PROVIDED MATERIAL >>

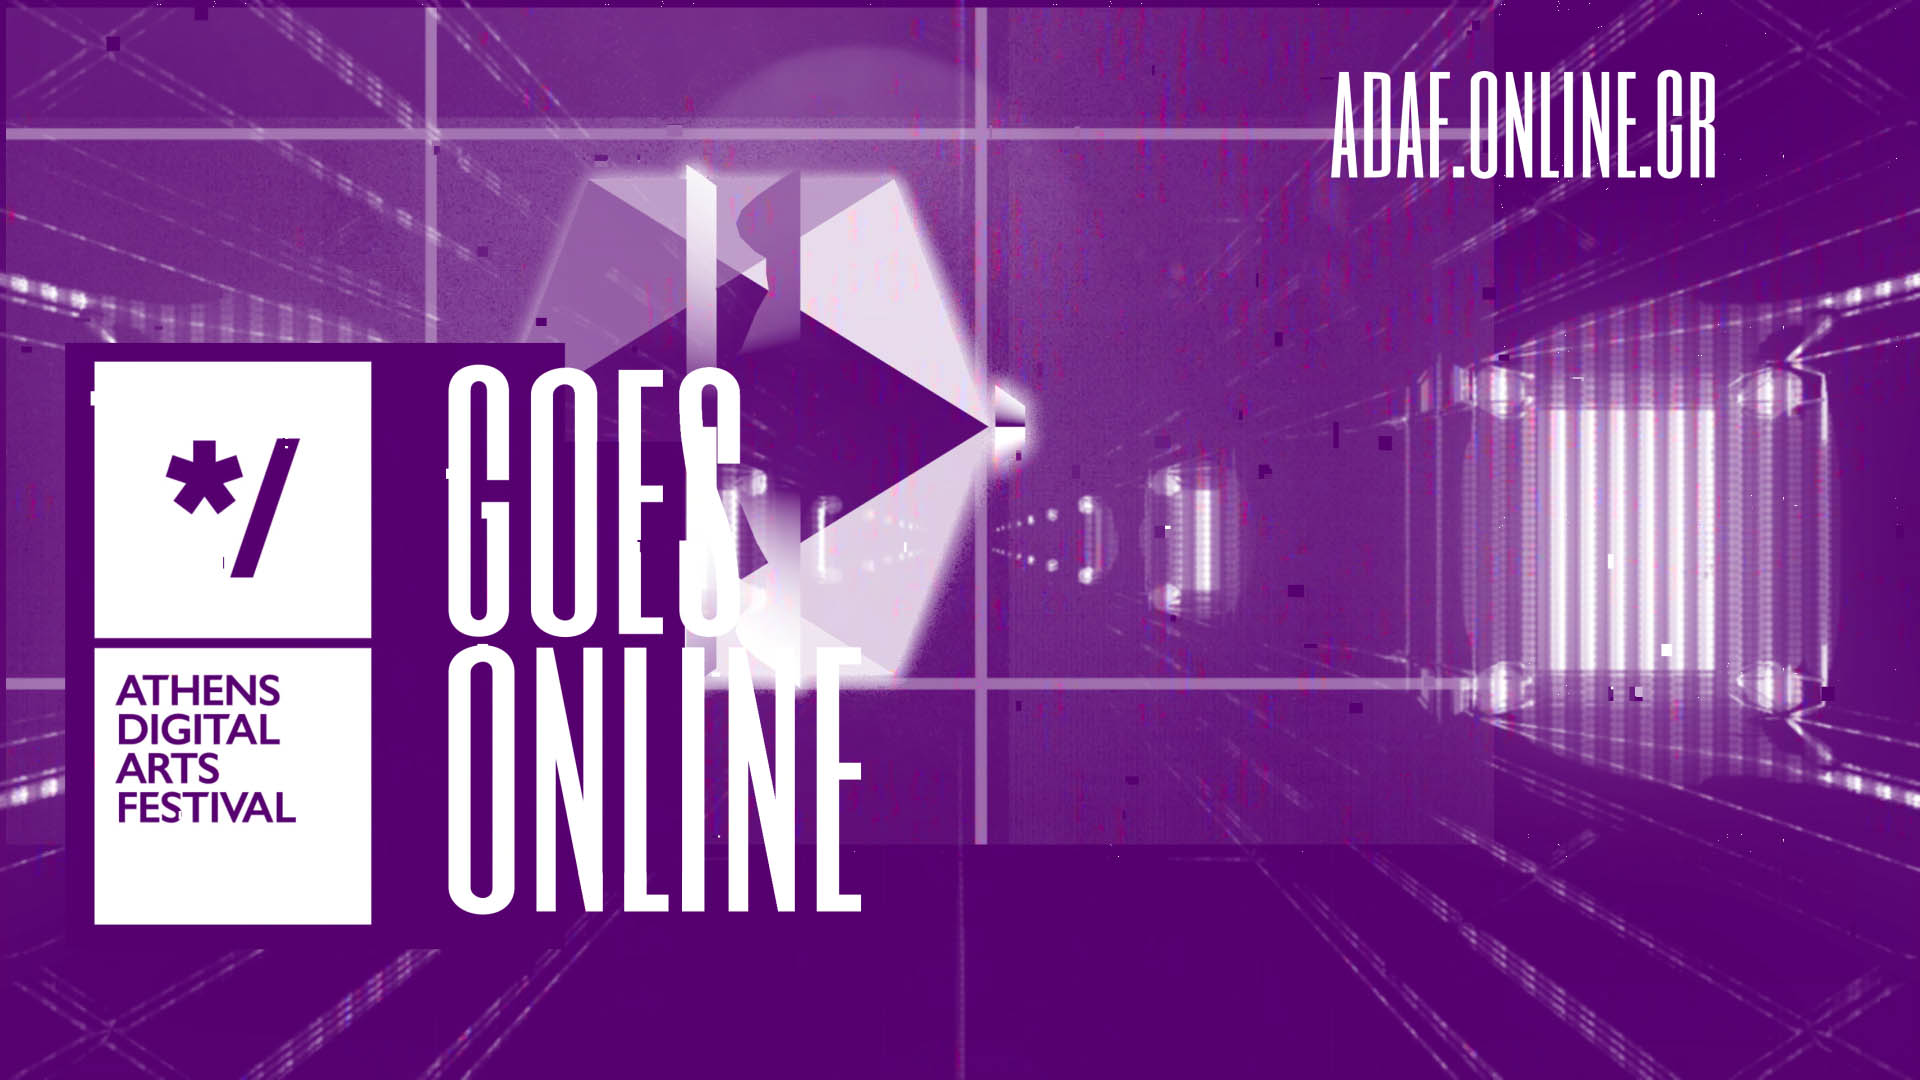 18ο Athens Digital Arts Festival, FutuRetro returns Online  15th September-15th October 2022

==

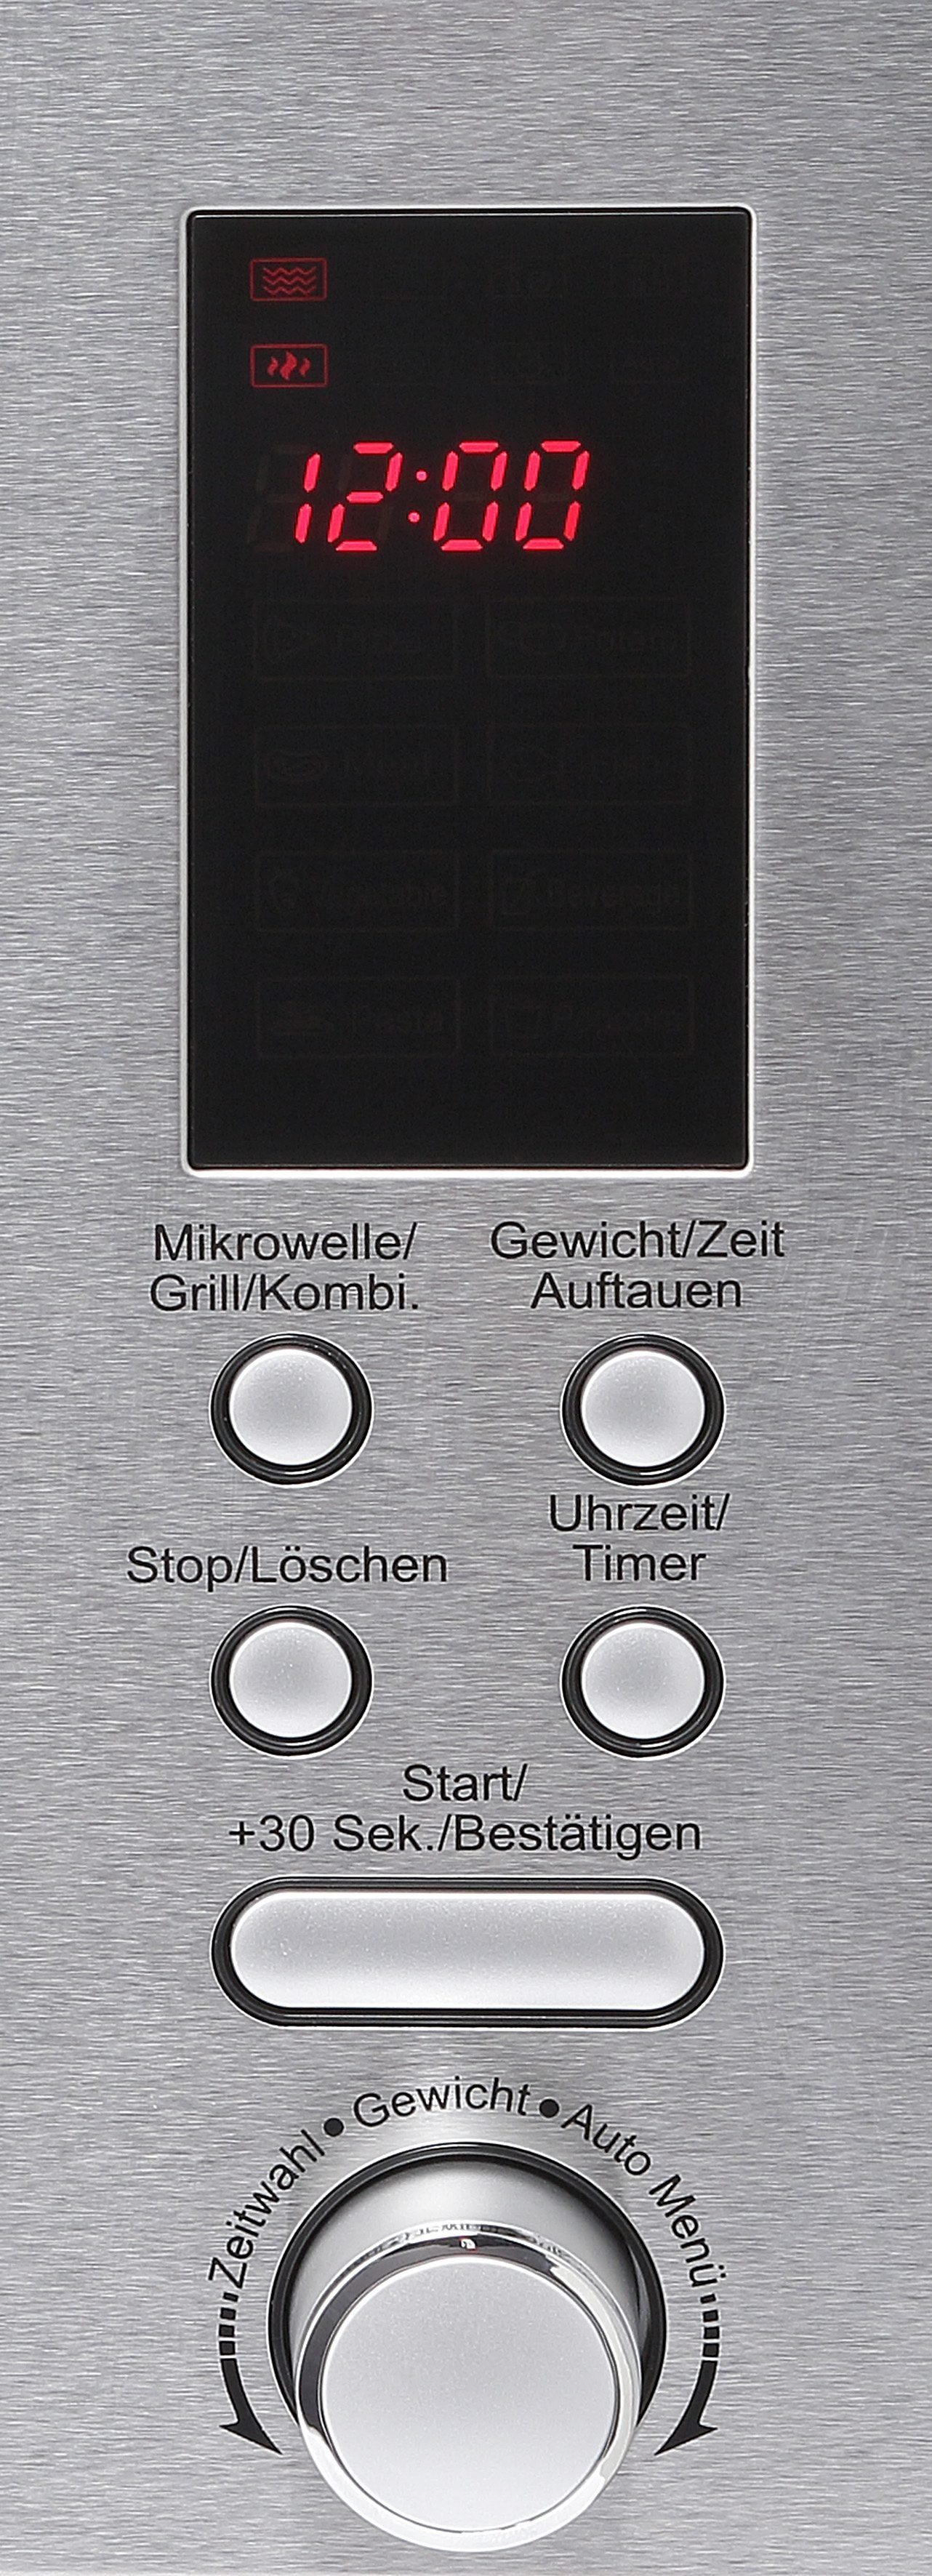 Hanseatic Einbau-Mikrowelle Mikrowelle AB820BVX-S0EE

---

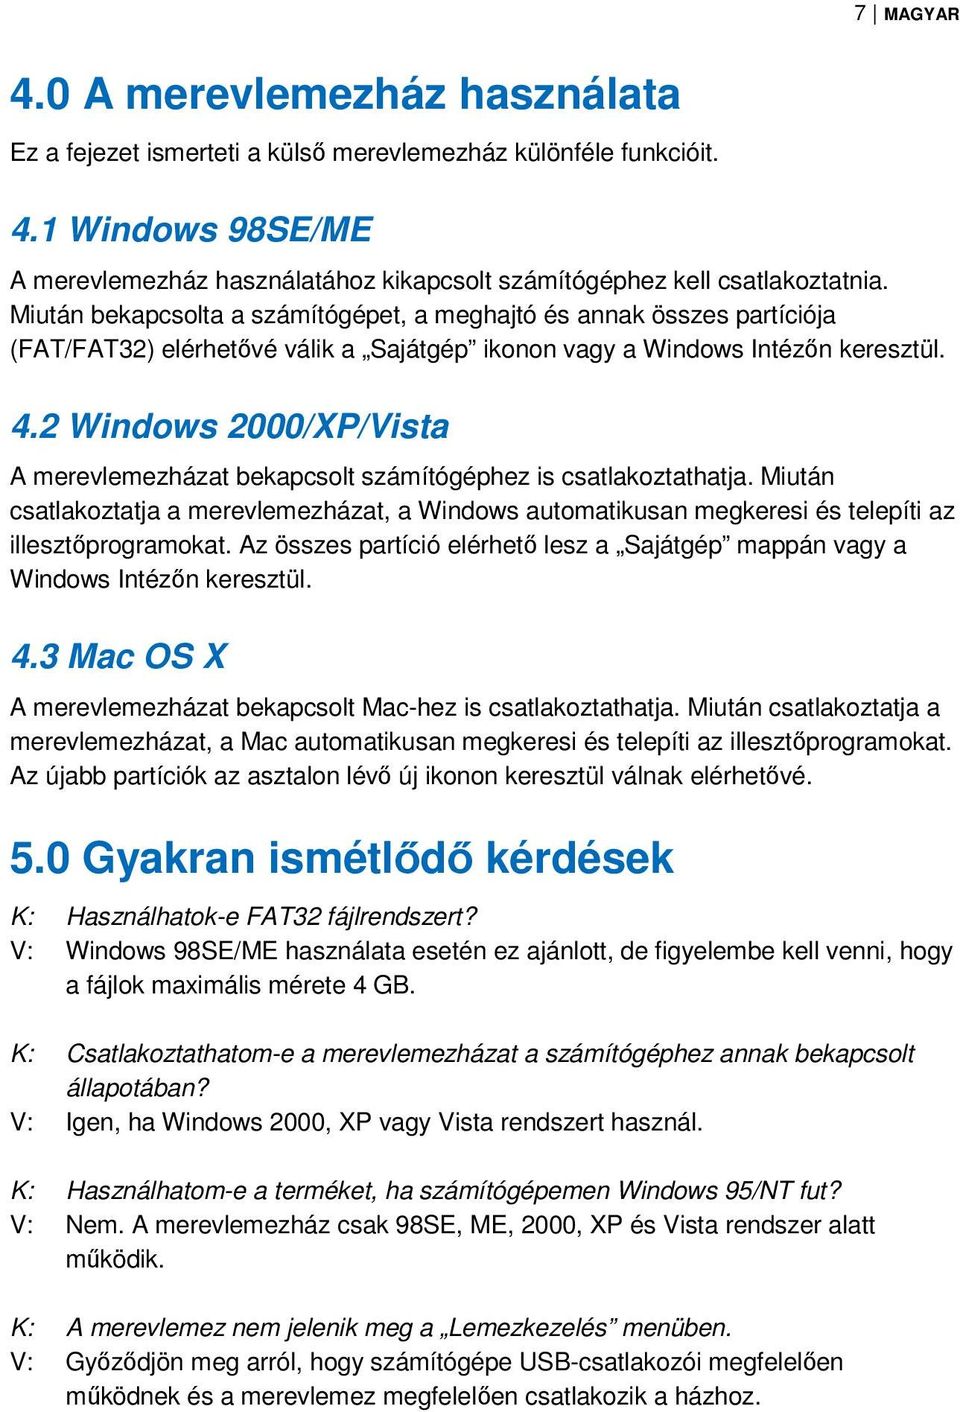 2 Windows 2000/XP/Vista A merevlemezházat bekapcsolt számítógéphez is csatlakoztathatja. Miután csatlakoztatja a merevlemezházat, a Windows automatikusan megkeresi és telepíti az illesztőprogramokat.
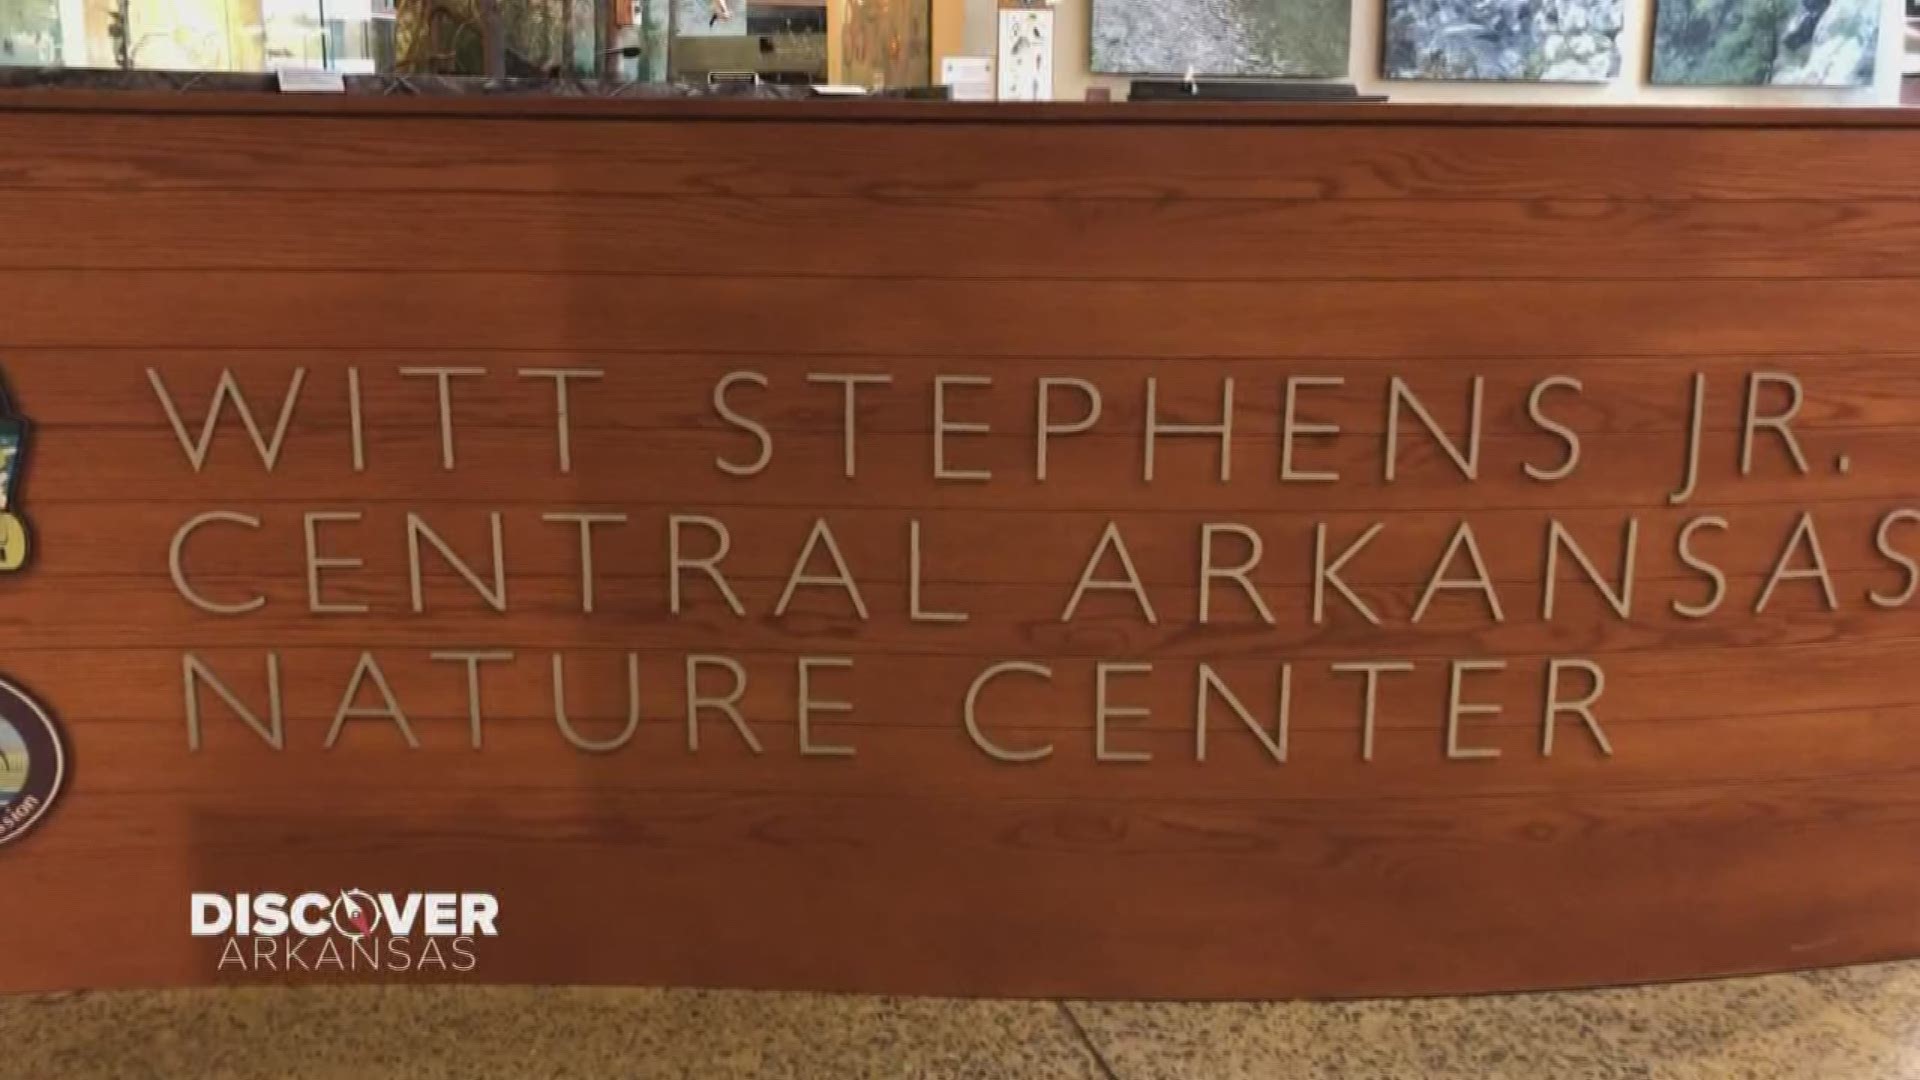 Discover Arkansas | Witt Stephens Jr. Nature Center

HOW TO COMPLETE THIS TASK >>
Transcribe only the lines above that start at the line containing "2 Windows 2000/XP/Vista" and end at the line containing "Discover Arkansas |". Omit pictures.

RESULT OF THE TASK >>
 2 Windows 2000/XP/Vista A merevlemezházat bekapcsolt számítógéphez is csatlakoztathatja. Miután csatlakoztatja a merevlemezházat, a Windows automatikusan megkeresi és telepíti az illesztőprogramokat.
 Discover Arkansas | Witt Stephens Jr. Nature Center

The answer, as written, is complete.